Vibroso strinse le labbra attendendo...
"Ma..." disse Gabe alzando un dito. "Mi hai rovinato
la vacanza proprio sul piu' bello e questo ti costera' caro!"
Detto questo Gabe si giro' sui tacchi per cominciare il lavoro.
"C'e' un camino nell'ala gia' pronta..." le disse Vibroso.
Gabe si volto', fisso' i tre e annui'. "Grazie." disse
semplicemente, poi li fisso' ancora e per qualche secondo nessuno
ebbe il coraggio di muoversi. "Che state aspettando li' impalati?
Al lavoro!" urlo' poi voltando di nuovo le spalle e dirigendosi
verso la sua bolla.
*****
Il lago naturale di roccia era ancora meglio della vasca da bagno,
e Gabe stava davvero cercando di dimenticare - almeno per qualche
momento - il nervosismo delle vacanze interrotte e il pesante lavoro
che l'aveva tenuta impegnata per ore. I muscoli si stavano rilassando
coni massaggi esperti di Calvin e il vapore profumato la stava davvero
calmando.
"Vibroso sa certo come prendermi..." mormoro' la maga
mentre Calvin la avvicinava di piu' a se'.

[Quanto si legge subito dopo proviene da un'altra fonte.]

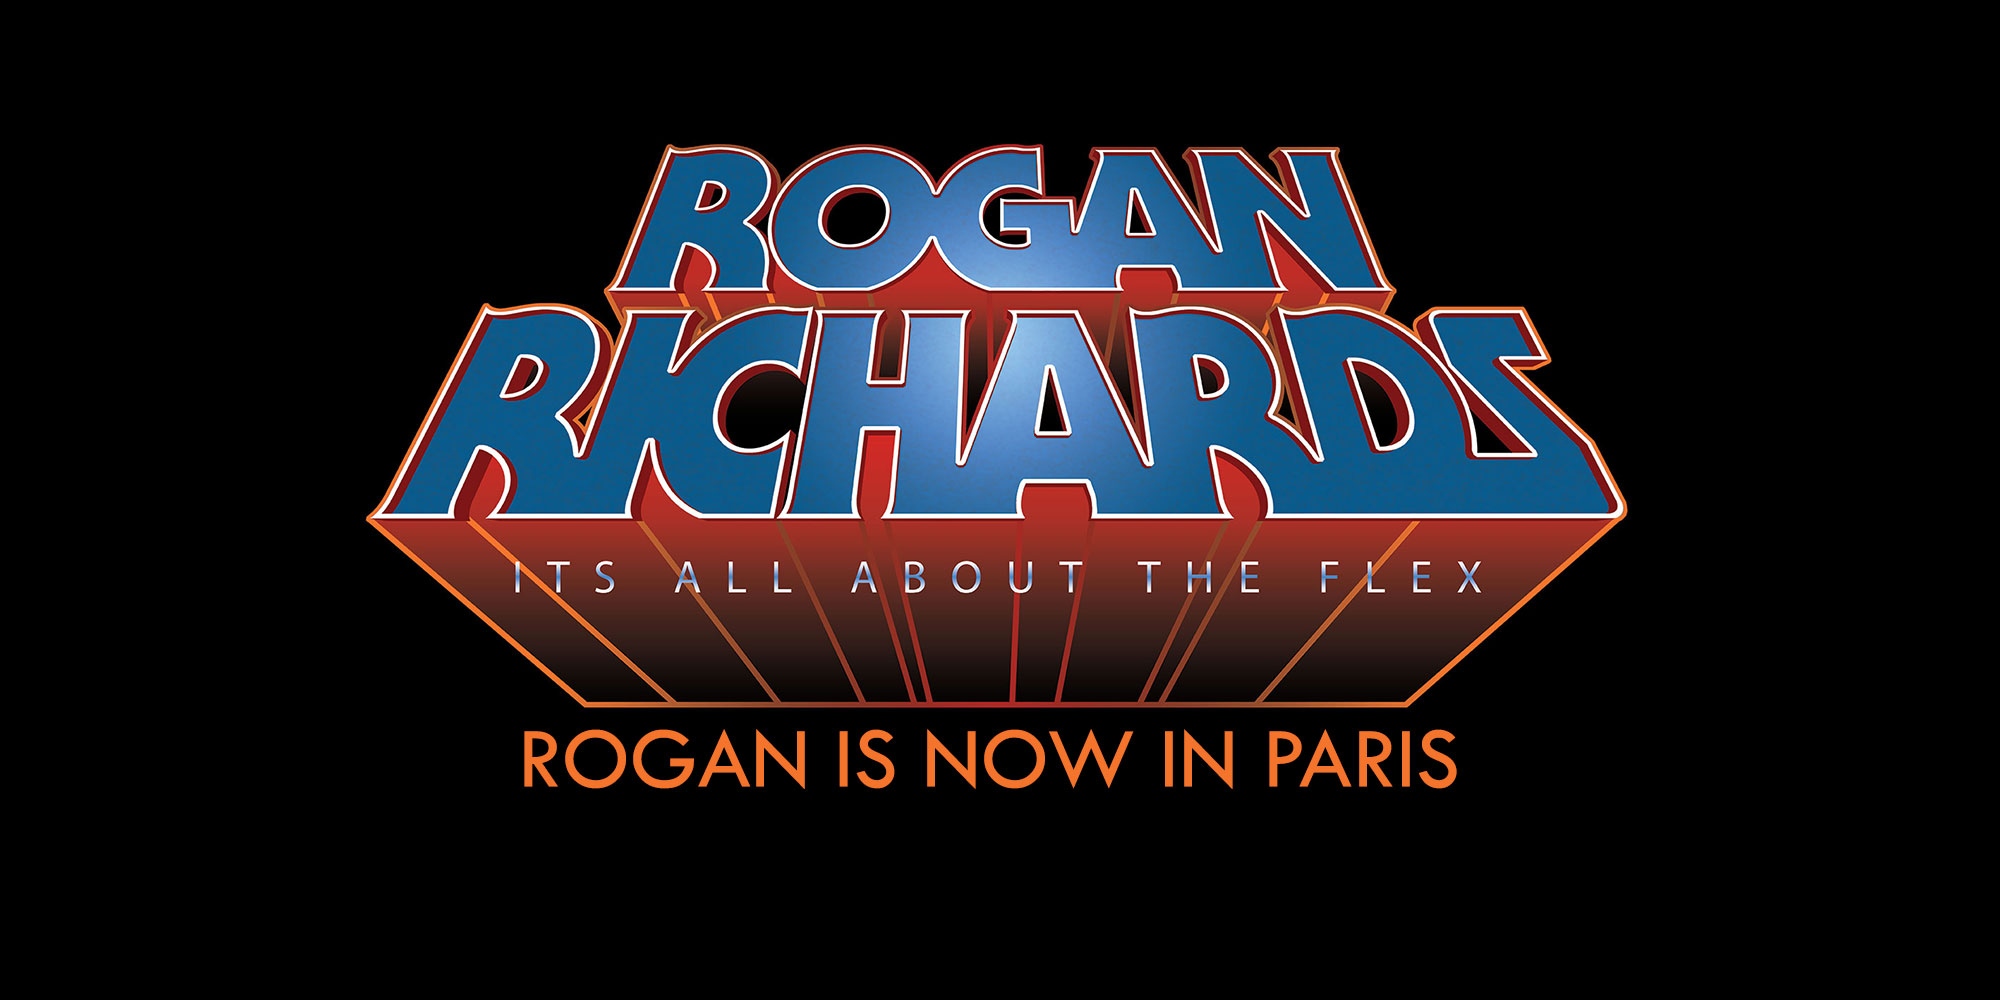 ROGAN is in PARIS

"Quando mi ha contattato pensavo ti fosse successo qualcosa..."
disse il mago irlandese.
"Cosa?"
"Non so... magari avevi litigato e ti avevano buttato fuori
dalla scuola..." ridacchio'.
Gabe scosse la testa. "Non oserebbero mai!"
"Lo so..."
I due risero perr qualche secondo.
"Pero' poi ho ricevuto un gufo dalla Prefettura degli Auror
di Cork e... ho deciso di venire subito."
Gabe si irrigidi' un po'. "Gli Auror di Cork?" disse girandosi
verso Calvin.
Lui abbasso' per un attimo lo sguardo. "Avrei voluto tenere
fuori il lavoro, ma non riuscivo a cavare un ragno dal buco, come
dite voi, per trovare la tomba di tua madre. Le indicazioni di tuo
padre erano troppo vaghe..."
"E hai chiamato i tuoi amici sbirri!"
Calvin aggrotto' la fronte, seccato. "Solo perche' non sei
riuscita a diventare un Auror, adesso devi odiarli tutti..."
scosse la testa. "Non capisco perche'!"
Gabe fece per ribattere, poi ci ripenso'. "Non voglio parlarne!"
"Va bene," accetto' lui. "Te l'ho detto solo perche'...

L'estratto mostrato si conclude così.